FIG. 4 is a block diagram of a computer system (400) used to provide computational functionalities associated with described algorithms, methods, functions, processes, flows, and procedures as described in the instant disclosure, according to an implementation. The illustrated computer (400) is intended to encompass any computing device such as a high performance computing (HPC) device, a server, desktop computer, laptop/notebook computer, wireless data port, smart phone, personal data assistant (PDA), tablet computing device, one or more processors within these devices, or any other suitable processing device, including both physical or virtual instances (or both) of the computing device. Additionally, the computer (400) may include a computer that includes an input device, such as a keypad, keyboard, touch screen, or other device that can accept user information, and an output device that conveys information associated with the operation of the computer (400), including digital data, visual, or audio information (or a combination of information), or a GUI. - The computer (400) can serve in a role as a client, network component, a server, a database or other persistency, or any other component (or a combination of roles) of a computer system for performing the subject matter described in the instant disclosure. The illustrated computer (400) is communicably coupled with a network (430). In some implementations, one or more components of the computer (400) may be configured to operate within environments, including cloud-computing-based, local, global, or other environment (or a combination of environments).
- At a high level, the computer (400) is an electronic computing device operable to receive, transmit, process, store, or manage data and information associated with the described subject matter. According to some implementations, the computer (400) may also include or be communicably coupled with an application server, e-mail server, web server, caching server, streaming data server, business intelligence (BI) server, or other server (or a combination of servers).
- The computer (400) can receive requests over network (430) from a client application (for example, executing on another computer (400)) and responding to the received requests by processing the said requests in an appropriate software application. In addition, requests may also be sent to the computer (400) from internal users (for example, from a command console or by other appropriate access method), external or third-parties, other automated applications, as well as any other appropriate entities, individuals, systems, or computers.
- Each of the components of the computer (400) can communicate using a system bus (403).
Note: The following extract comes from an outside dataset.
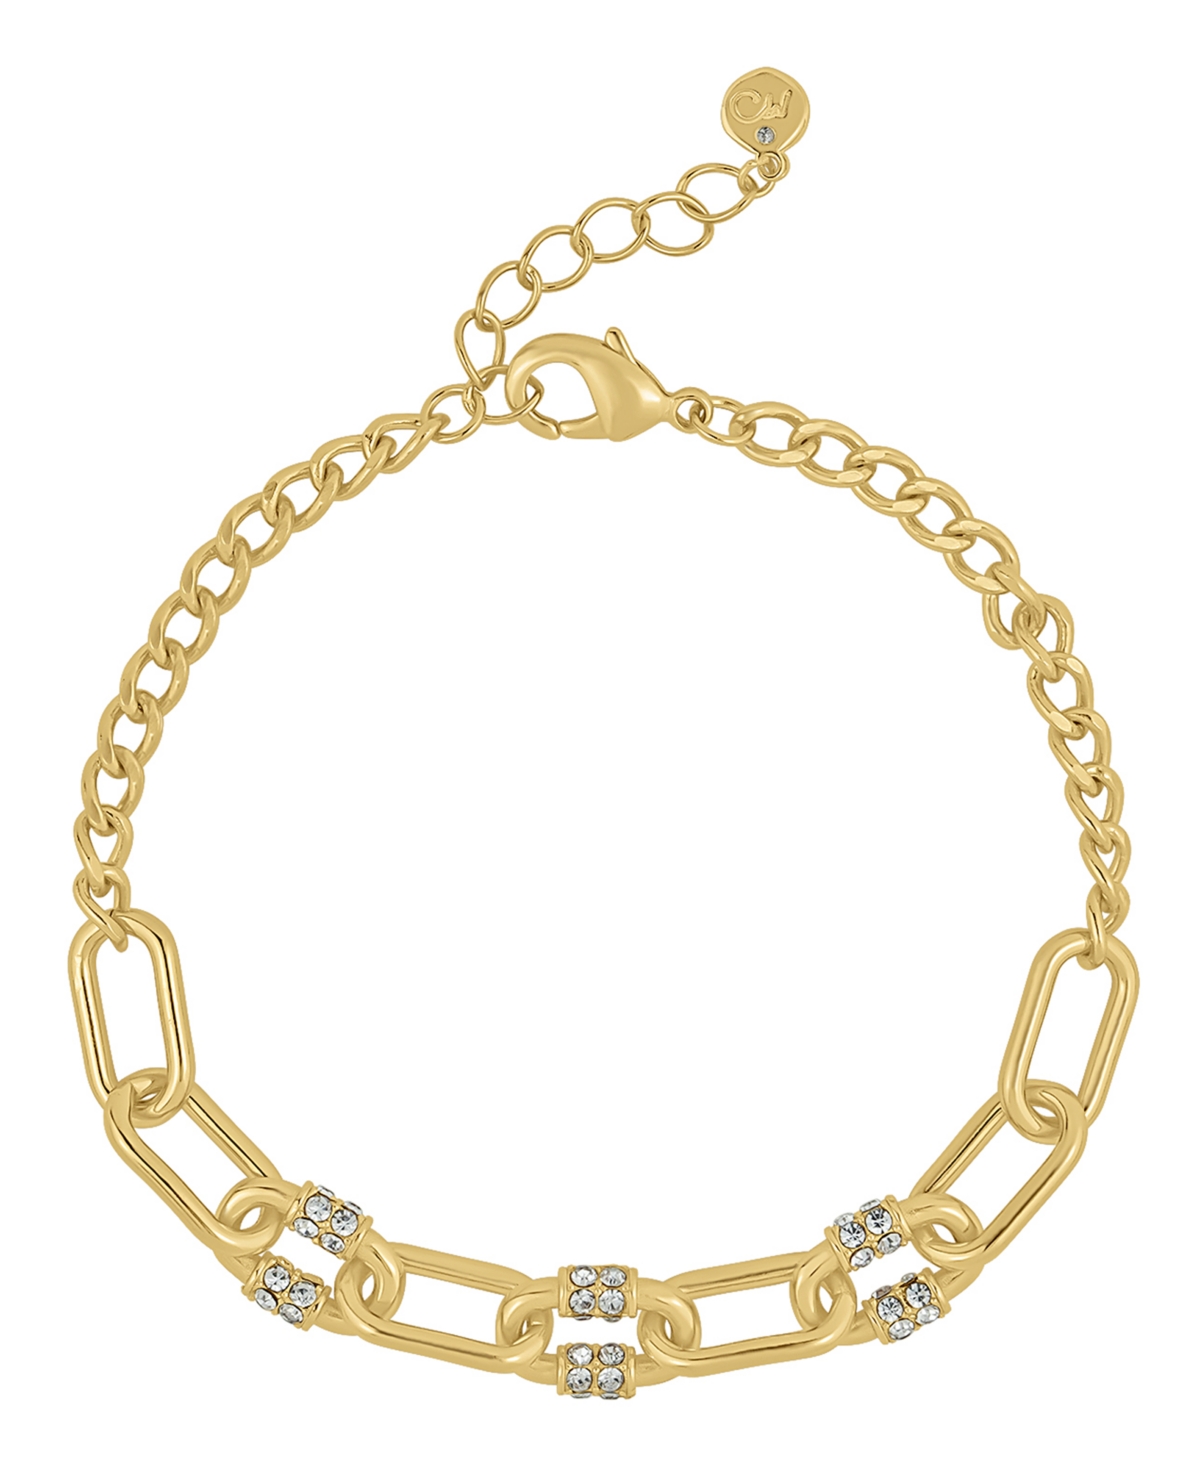 Crystal 18K Gold Plated Link Bracelet - K Gold Plated Over Brass

In some implementations, any or all of the components of the computer (400), both hardware or software (or a combination of hardware and software), may interface with each other or the interface (404) (or a combination of both) over the system bus (403) using an application programming interface (API) (412) or a service layer (413) (or a combination of the API (412) and service layer (413). The API (412) may include specifications for routines, data structures, and object classes. The API (412) may be either computer-language independent or dependent and refer to a complete interface, a single function, or even a set of APIs. The service layer (413) provides software services to the computer (400) or other components (whether or not illustrated) that are communicably coupled to the computer (400). The functionality of the computer (400) may be accessible for all service consumers using this service layer. Software services, such as those provided by the service layer (413), provide reusable, defined business functionalities through a defined interface. For example, the interface may be software written in JAVA, C++, or other suitable language providing data in extensible markup language (XML) format or other suitable format. While illustrated as an integrated component of the computer (400), alternative implementations may illustrate the API (412) or the service layer (413) as stand-alone components in relation to other components of the computer (400) or other components (whether or not illustrated) that are communicably coupled to the computer (400). Moreover, any or all parts of the API (412) or the service layer (413) may be implemented as child or sub-modules of another software module, enterprise application, or hardware module without departing from the scope of this disclosure.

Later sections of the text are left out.